Records Failing in a Step

So, let’s take a simple scenario. I have a simple step and records tend to fail there.  This is the simplest manifestation of the trade-off we talked about at the beginning of this post. Logging a whole lot of unmanageable  text or log so little that is barely useful. The strategy we took here is to not log exceptions but to log stack traces. Yeap, you read correctly. When we found an exception in a step we perform the following algorithm:

  • Get the exception’s full stack trace
  • Strip that stack trace from any messages. Even if all records always throw the same exception, those messages probably contain record specific information. E.g: ‘user Walter White is not eligible because he’s wanted by the DEA’. The user Jesse Pinkman would throw a slightly different message, but bottom line is that the exception is actually the same.
  • Verify if this stack trace was already logged in the current step. If this is the first time that stack trace is found on the current step, then we log it adding a nice message saying that we will not log it again for the current step. Otherwise, if we already saw that stack trace in the given step, then we simply ignore it but keep count of how many times that exception was found

Let’s see an example of how the WantedByDEAException would be logged:

GOTCHA: This is done on a by step basis. If another step also throws the same exception, it WILL be logged once more for that step.

Exception Summary

The above is good. We get to see the exception without clogging the logs. However, because I only see the exception once, I don’t really know how many times it happened in total. For that we added an exception summary which is logged when the on-complete phase is reached. This summary shows for every exception type, how many times it happened in each step. Suppose that now we have a job with two steps, and both are capable of throwing BatchException. Then the exception summary would look like this:

Here we can see that the first step failed 10 times and the second failed 9.

Getting more out of the logs

As this post starts saying, the motivation for all of this is the trade-off between large chunks of data and logging efficiency, that’s why all the items described above work with Mule’s default configuration of only logging INFO level messages (if you’re not familiar with logging levels, take a look at this) .

There’re special cases like debugging or when you’re motivation to use batch is not the ability to handle large datasets but recoverability, resilience, management, etc (see this post for more examples). For those cases, you can get a whole lot of extra and extremely verbose information by setting the batch category to DEBUG level in your app’s log4j configuration like this:

CAUTION: Use the DEBUG level with care. Definitively not advised for production environments unless you’re absolutely sure that your jobs will not handle significantly large data sets.

Error Handling MEL functions

The early access release of the Batch module already shipped with some error handling MEL functions that can be used in the context of a batch step. Let’s refresh that real quick:

  • #[isSuccessfulRecord()]: Boolean functions which returns true if the current record has not thrown exceptions in any prior step.
  • #[isFailedRecord()]: Boolean functions which returns true if the current record has thrown exceptions in any prior step.
  • #[failureExceptionForStep(String)]: This function receives the name of a step as a String argument.
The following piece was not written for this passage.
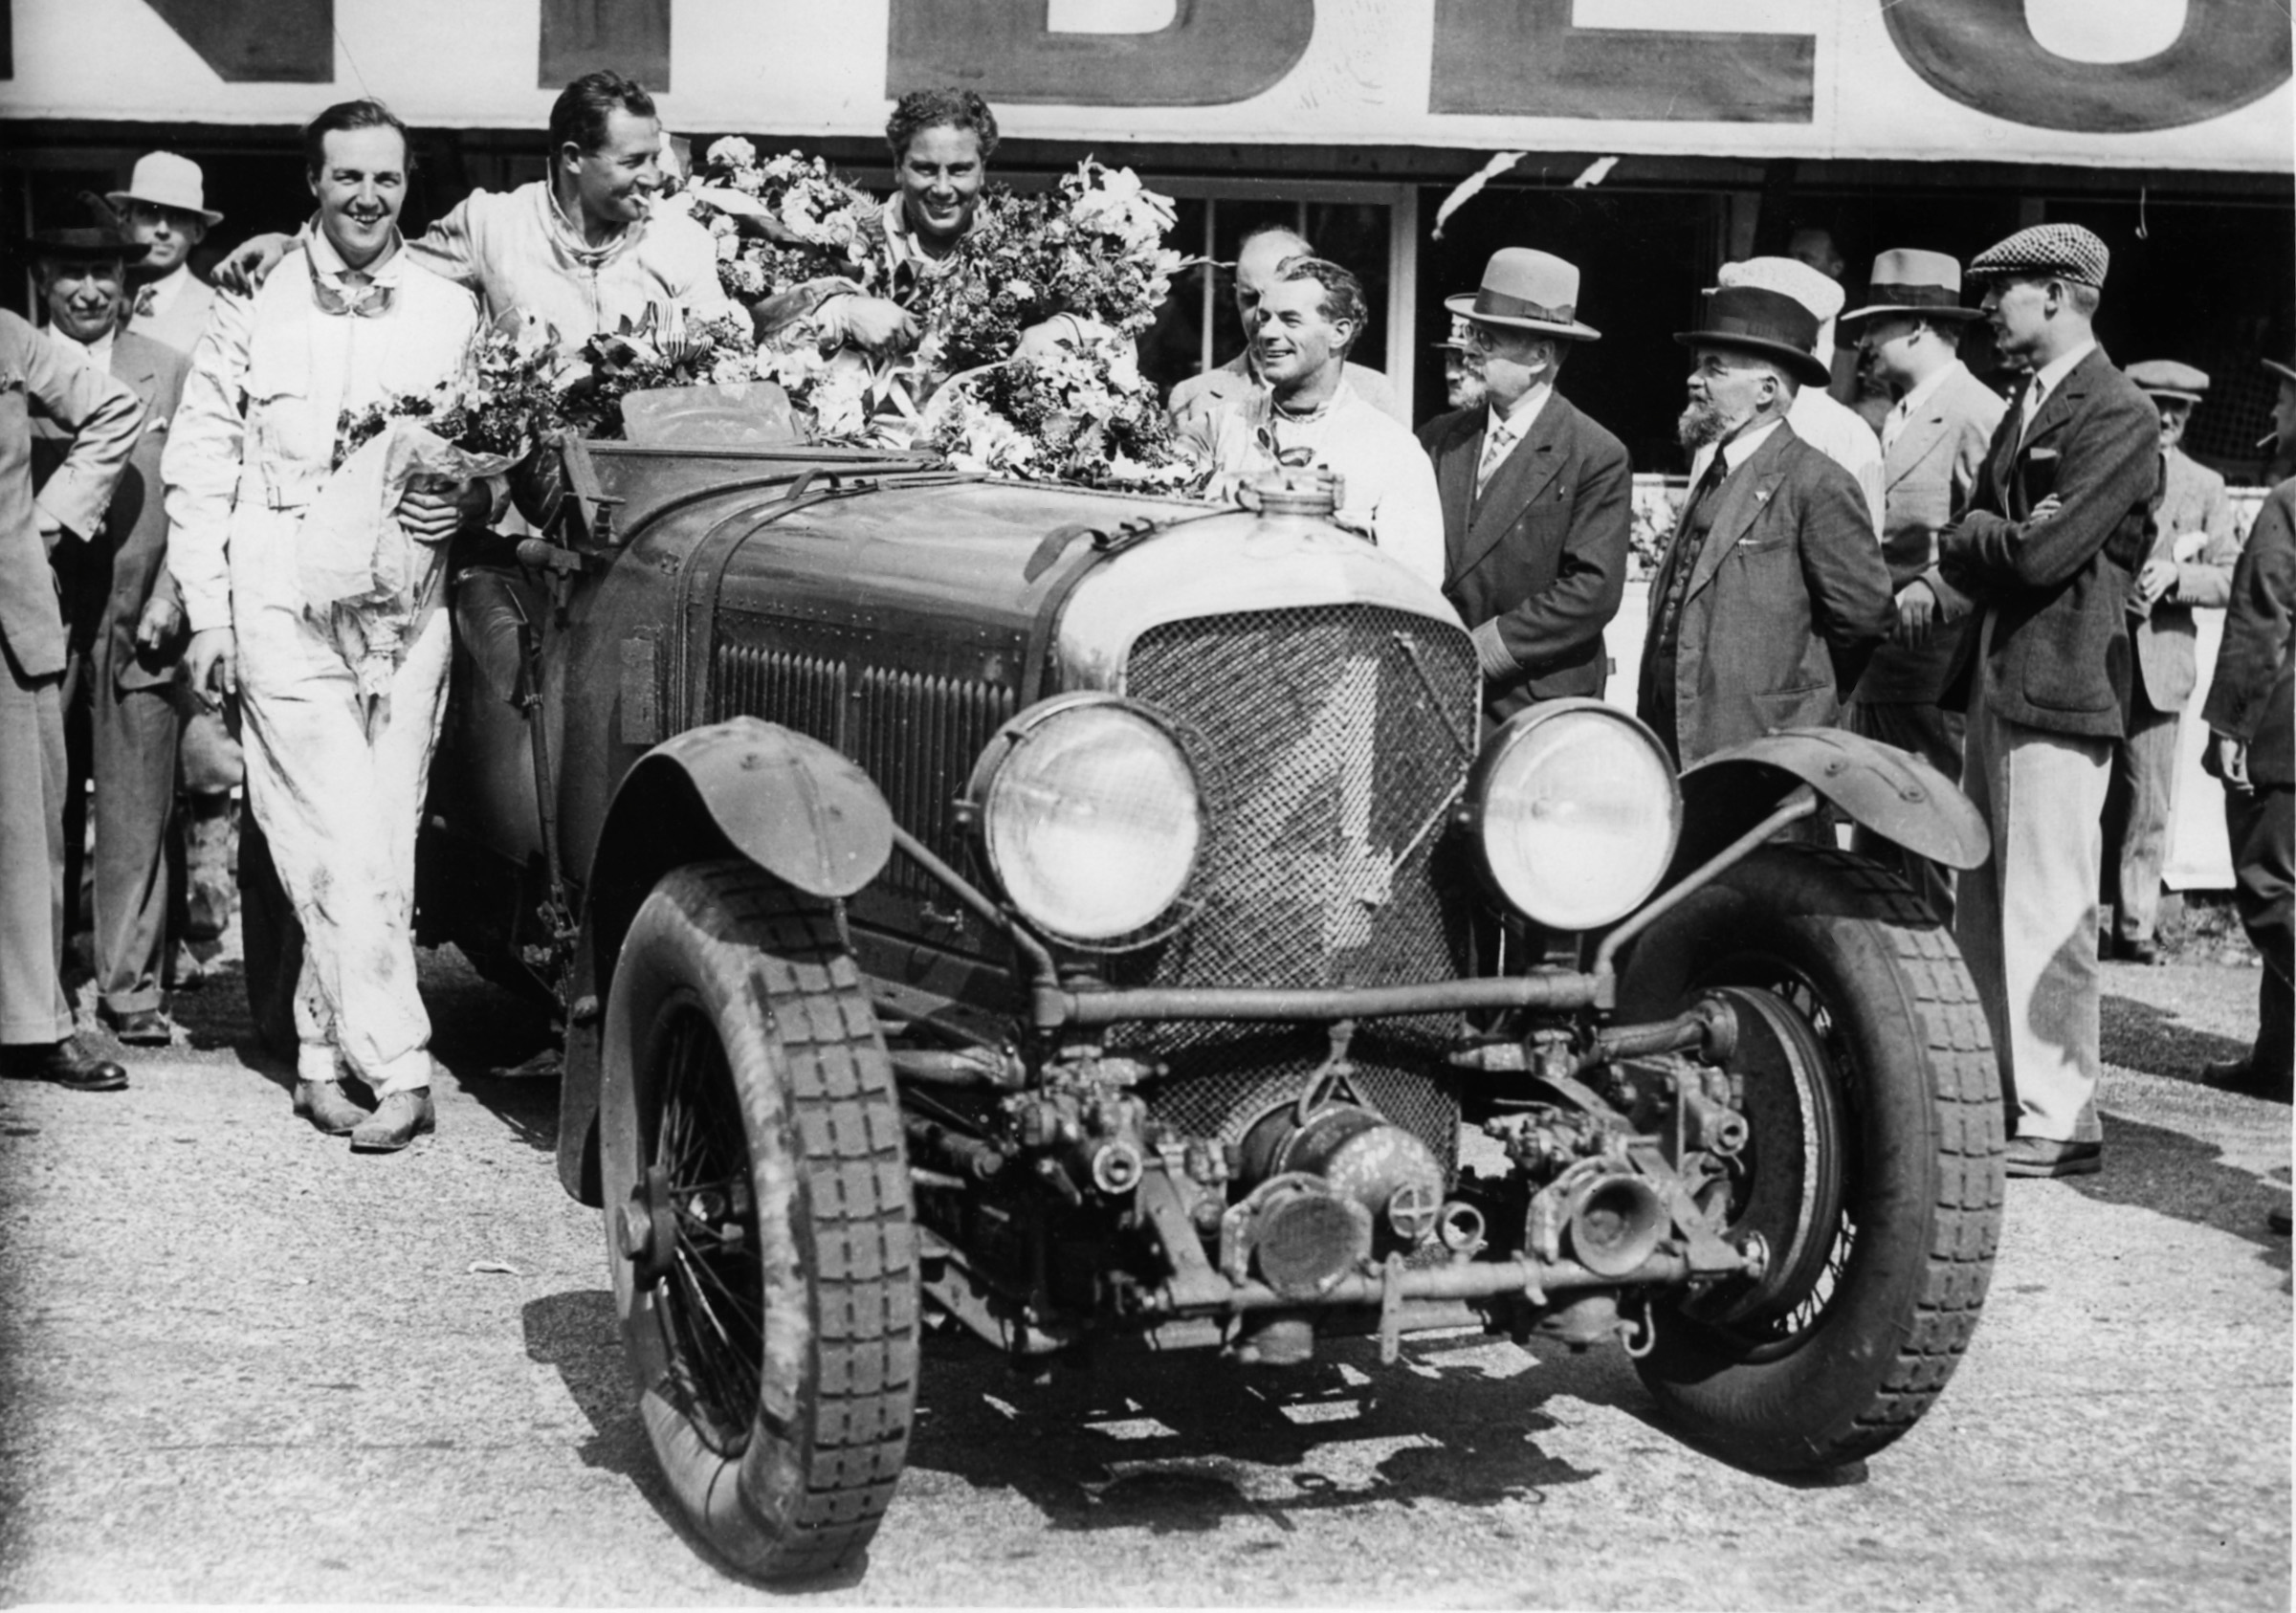 The mythical Bentley Speed Six gave Woolf Barnato and Glen Kidston a fourth win in a row. The British marque wouldn't triumph at Le Mans again until 2003, some 73 years later.

If the current record threw exception on that step, then it returns the actual Exception object. Otherwise it returns null

Again, the above is just fine. However, we quickly learn that those felt short in some cases. Let’s consider the following scenario:

  • A batch job that polls files containing contact information. Those contacts are transformer using DataMapper and fed into the job
  • The first step transforms them again and inserts them into Salesforce
  • The second step transforms again and inserts them into Google Contacts

So far so good. The challenging new requirement is to be able to write into a JMS dead-letter queue per each record that has failed. To keep it simple, let’s just say that the message will be the exception itself. In case you haven’t noticed, there’s a gotcha in this requirement: each record could have failed in both steps, which means that the same record would translate into two JMS messages.

To support this and other similar scenarios, we added these additional functions which also require to be executed in the context of a batch step:

  • #[getStepExceptions()]: Returns a java Map<String, Exception> in which the keys are the name of a batch step in which the current record has failed and the value is the exception itself. If the record hasn’t failed in any step, this Map will be empty but will never be null. Also, the Map contains no entries for steps in which the record hasn’t failed.
  • #[getFirstException()]: Returns the Exception for the very first step in which the current record has failed. If the record hasn’t failed in any step, then it returns null.
  • #[getLastException()]: Returns the Exception for the last step in which the current record has failed. If the record hasn’t failed in any step, then it returns null.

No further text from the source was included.